Je n'ai jamais pris le temps d'écrire une critique sur l'un des films des Frères Coen, c'est la constatation que j'ai faite une fois le générique de fin lancé. C'est pourtant le 14ème que je vois et je suis un vrai client de leur style unique. Je pourrai vous réciter les répliques cultes du mythique The Dude, je considère Fargo, Miller's Crossing ou Barton Fink comme de véritables petites perles. Il m'arrive de siffloter les thèmes d'O"Brother, j'ai l'impression que John Goodman, John Turturo, Steve Buscemi et Frances McDormand sont de vieux oncles et tantes et je leur pardonne même des récits bien plus faibles comme Intolérable Cruauté ou Burn After Reading.

Alors lorsque je termine The Barber, je questionne et je me dis que c'est peut être le bon moment, d'autant que celui ci m'a une nouvelle fois transporté.
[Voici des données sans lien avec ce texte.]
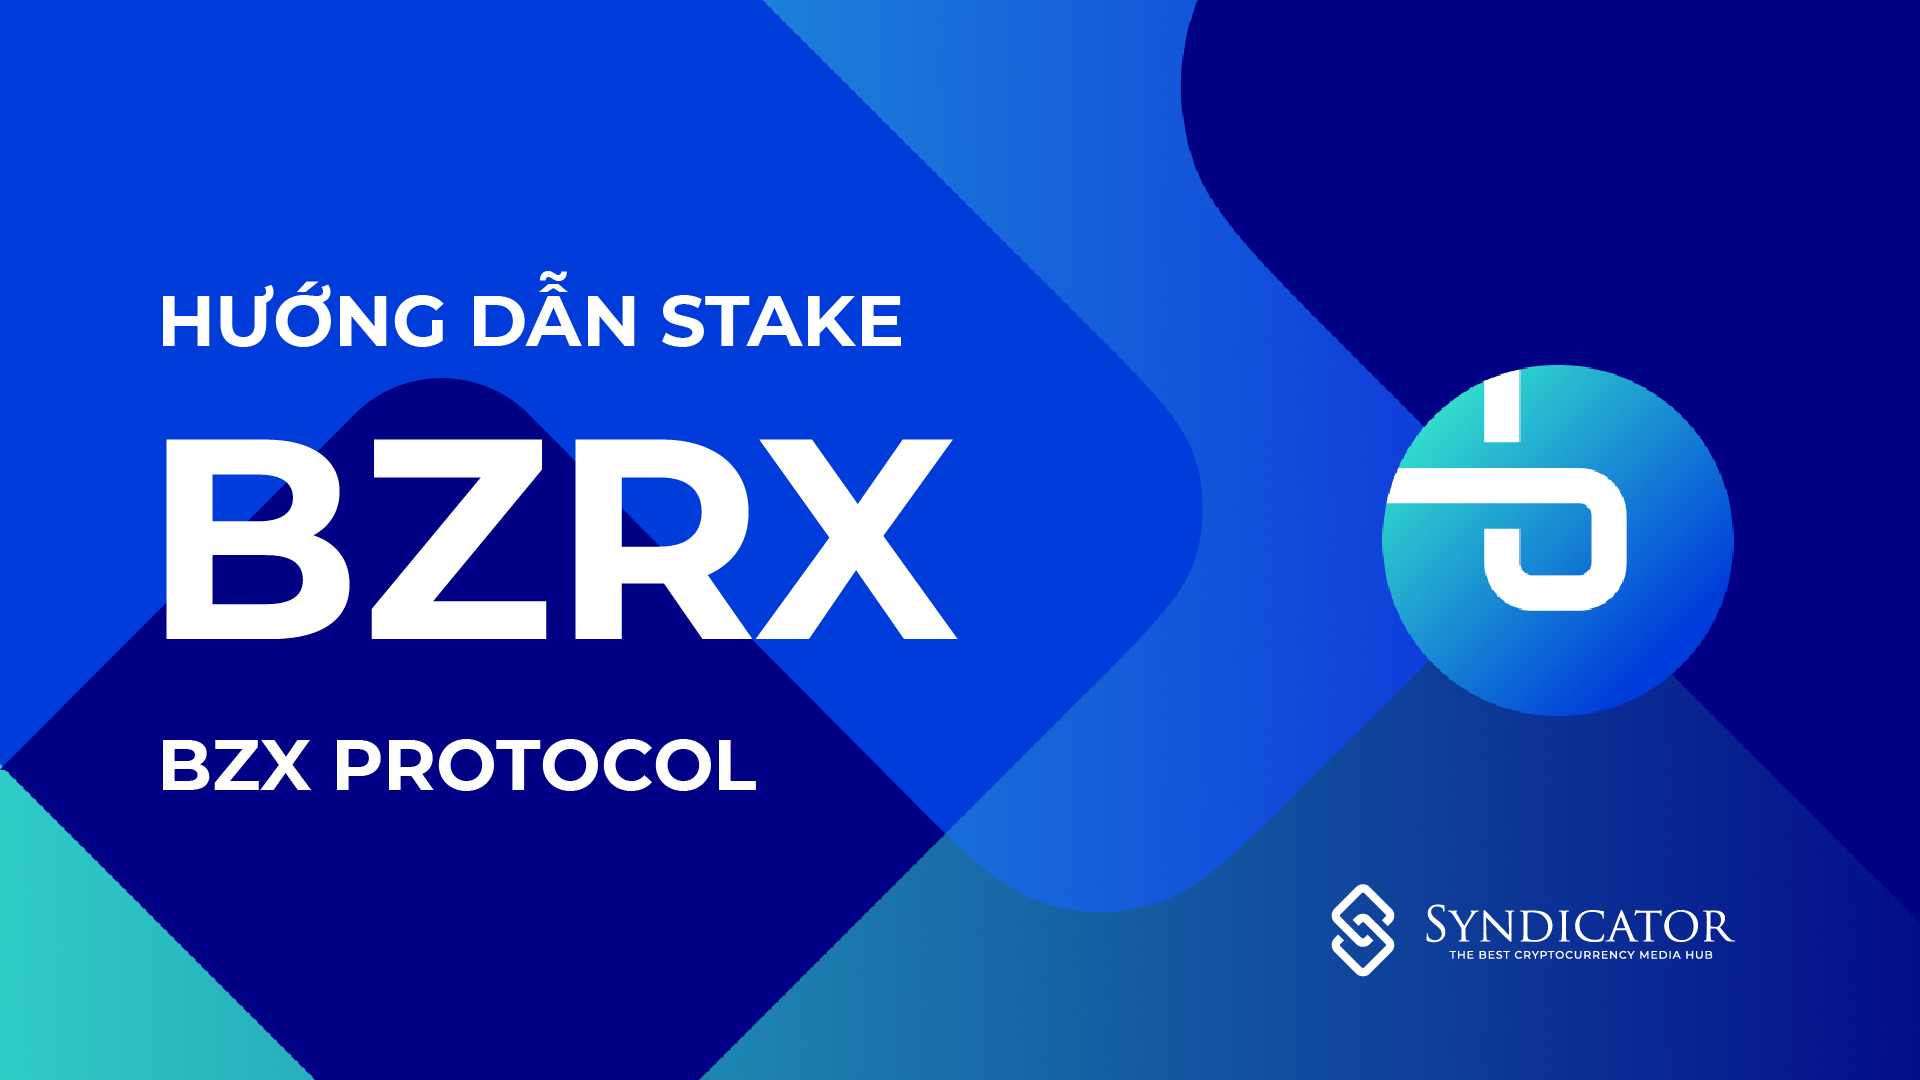 Hướng dẫn Stake token BZRX (bZx Protocol) | Syndicator

Pas de la même façon qu'un Wes Anderson qui me plonge dans un doux rêve mélancolique, ça ressemblerait plus ici à un cauchemar mais paradoxalement jamais dérangeant. Peut être est-ce dû à la narration singulière, forcément lorsqu'on est guidé par la voix grave d'un Billy Bob Thornton grandiose, d'une nonchalance et d'une distance inopinée mais d'une efficacité redoutable face à l'affreux récit conté. Peut être que la photographie sublime et ce parti pris de noir et blanc qui pourrait nous faire croire qu'Henry Fonda ou Fred MacMurray vont surgir à tout instant a su me conquérir. Il est possible que ses seconds couteaux, James Gandolfini en patron infidèle, Tony Shalhoub en brillant avocat, ou encore Jon Polito en escroc dégarni et dégoulinant de sueur tentant de séduire un Thorton impassible aient pu jouer un rôle.
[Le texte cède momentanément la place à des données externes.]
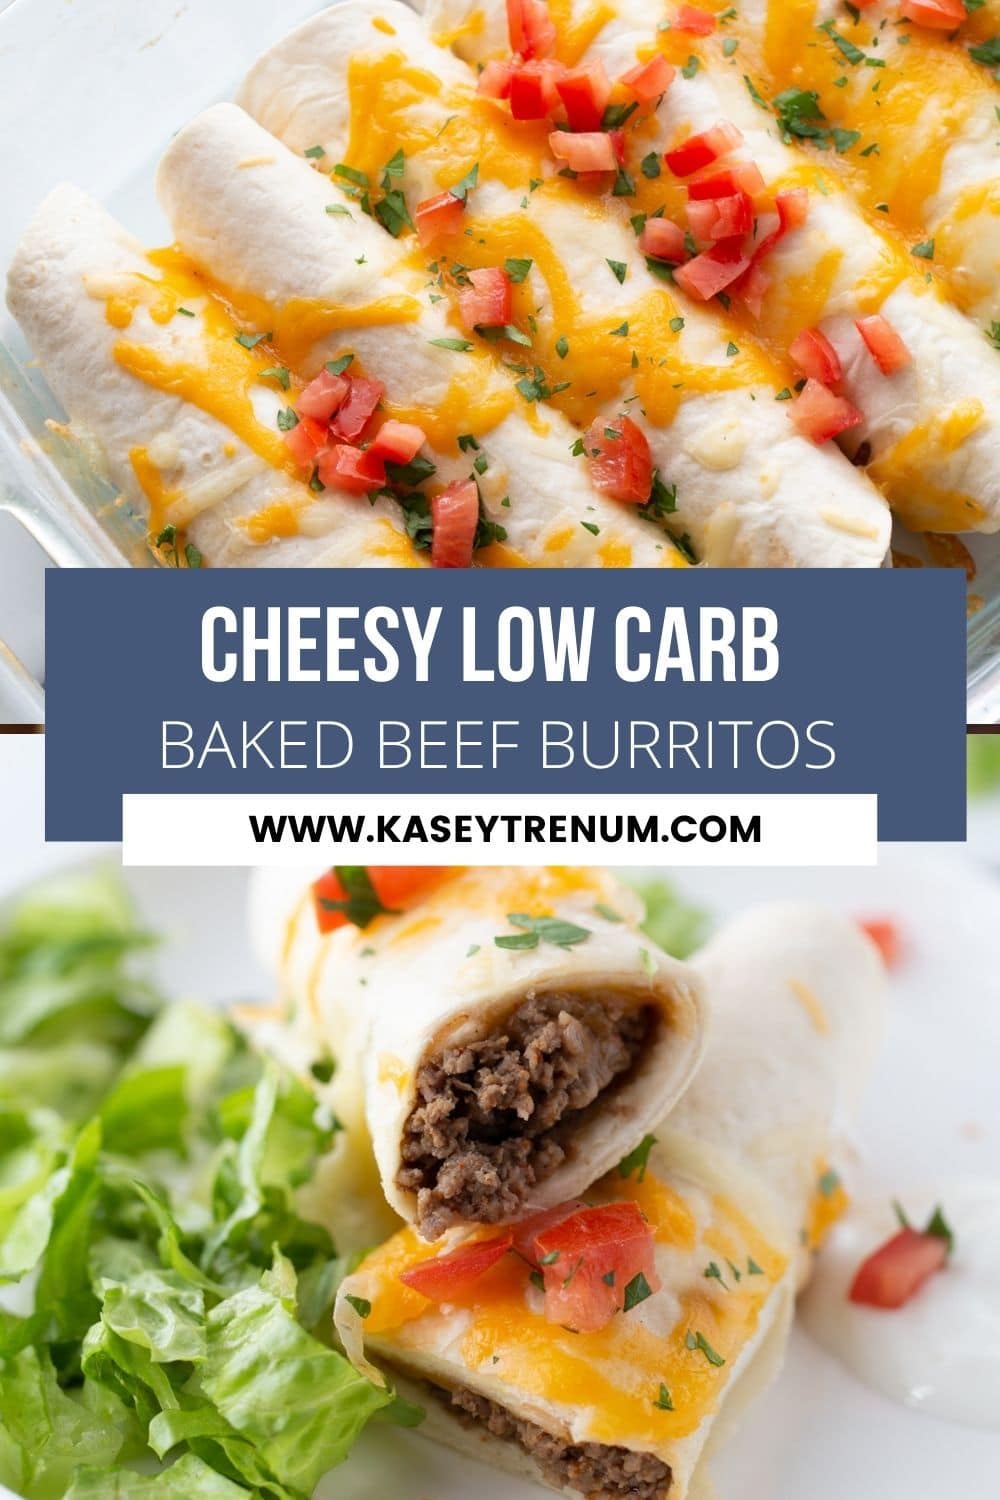 low carb burritos in a collage image

Rythme lancinant, cette hymne au polar des années 40 multiplie les hommages et clin d'oeil à Hawks, Wilder, Huston ou encore Hitchcock se complaît dans son marasme et met en avant l'imperfection de ses protagonistes, laids et stupides commettant des erreurs énormes, prenant de mauvaises décisions à cause d'un mauvais fond. Cette absence de manichéisme ne donne qu'un cachet plus imposant à cette atmosphère imbibé d'avidité et d’égoïsme et c'est dans cette apparente banalité que tout se joue. La dénonciation du système judiciaire version Coen prend ainsi tout son sens et n'a aucun mal à prendre une direction différente d'un Lumet. En résulte un film envoutant qui offre un conclusion que je ne suis pas prêt d'oublier.